Витторио был теперь богат и занимал слишком видное положение в свете, чтобы уступить поле без борьбы. Когда он был бедным и малоизвестным искателем приключений, ему было легко обратиться в бегство и слиться на время с безымянной массой. Но теперь он дорожил своими поместьями и достигнутыми почестями. Он не хотел терять их, не желал отказаться от чего бы то ни было, даже от своих притязаний на руку Антуанеты. Он не мог дать себе отчёта: ненавидит ли он её или им руководит желание обладать ею?

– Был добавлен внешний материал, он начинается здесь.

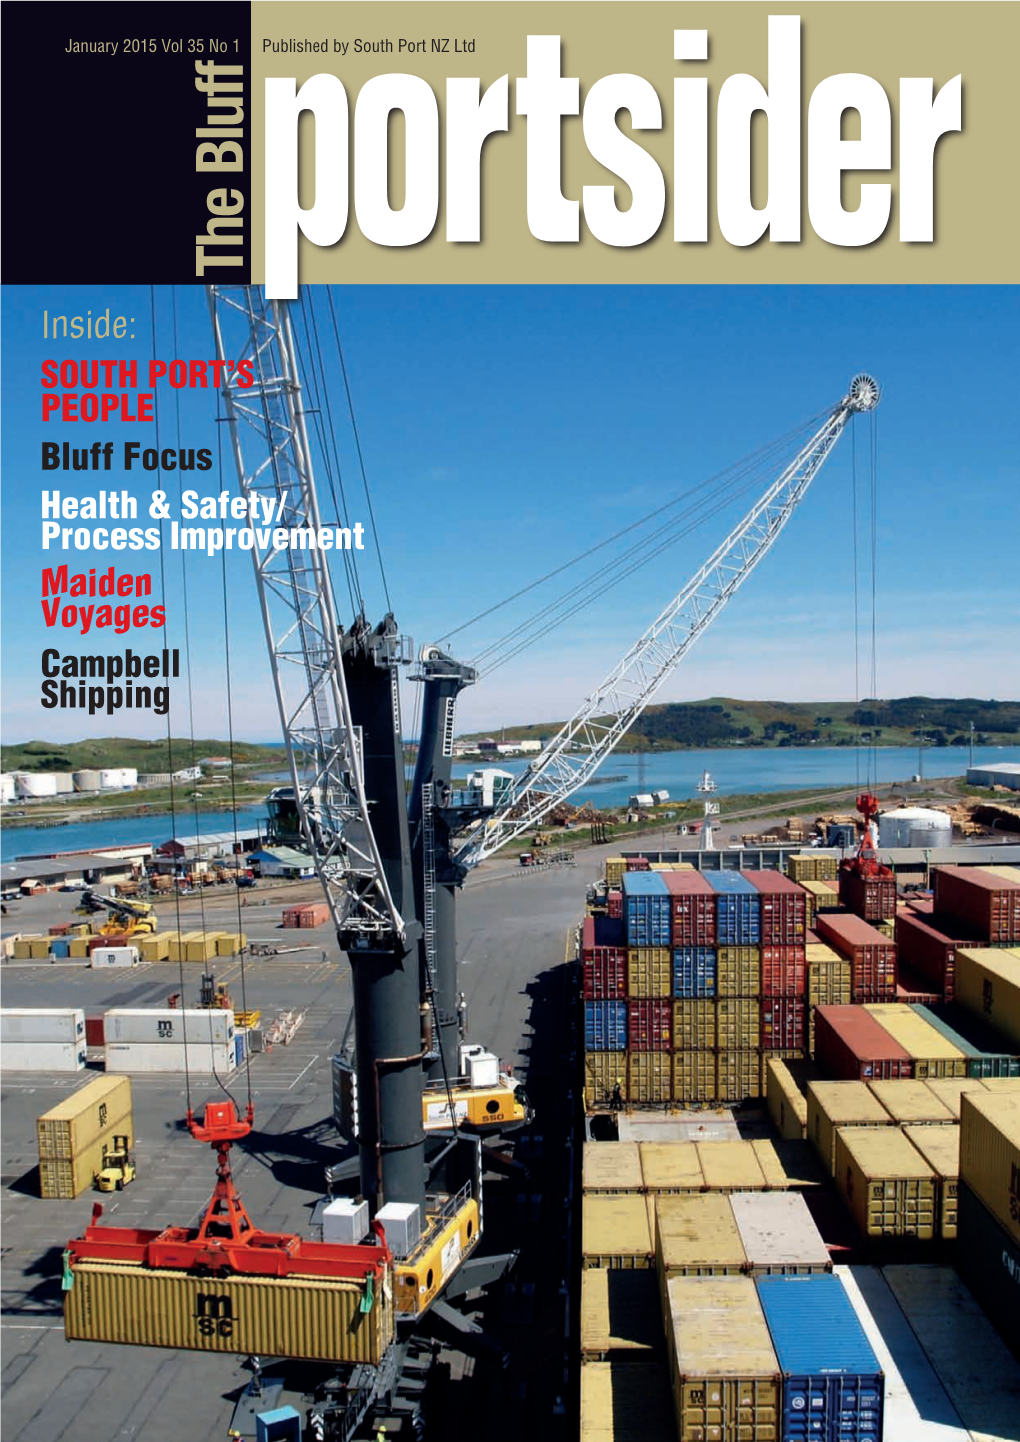 Inside: SOUTH PORT's PEOPLE Bluff Focus Health & Safety

Страсть затуманивала его чувства, парализовала ум и волю.

— Господин Геймвальд, — сказал он по-немецки, чтобы проходившие около них не могли понять его слов, — я должен сделать вам признание.

— Мне, маркиз? Хотя мы несколько раз встречались с вами в военное и мирное время, но я не могу представить себе, какого рода признания я могу услышать от вас. Мне кажется, что я не имею на это ни малейшего права.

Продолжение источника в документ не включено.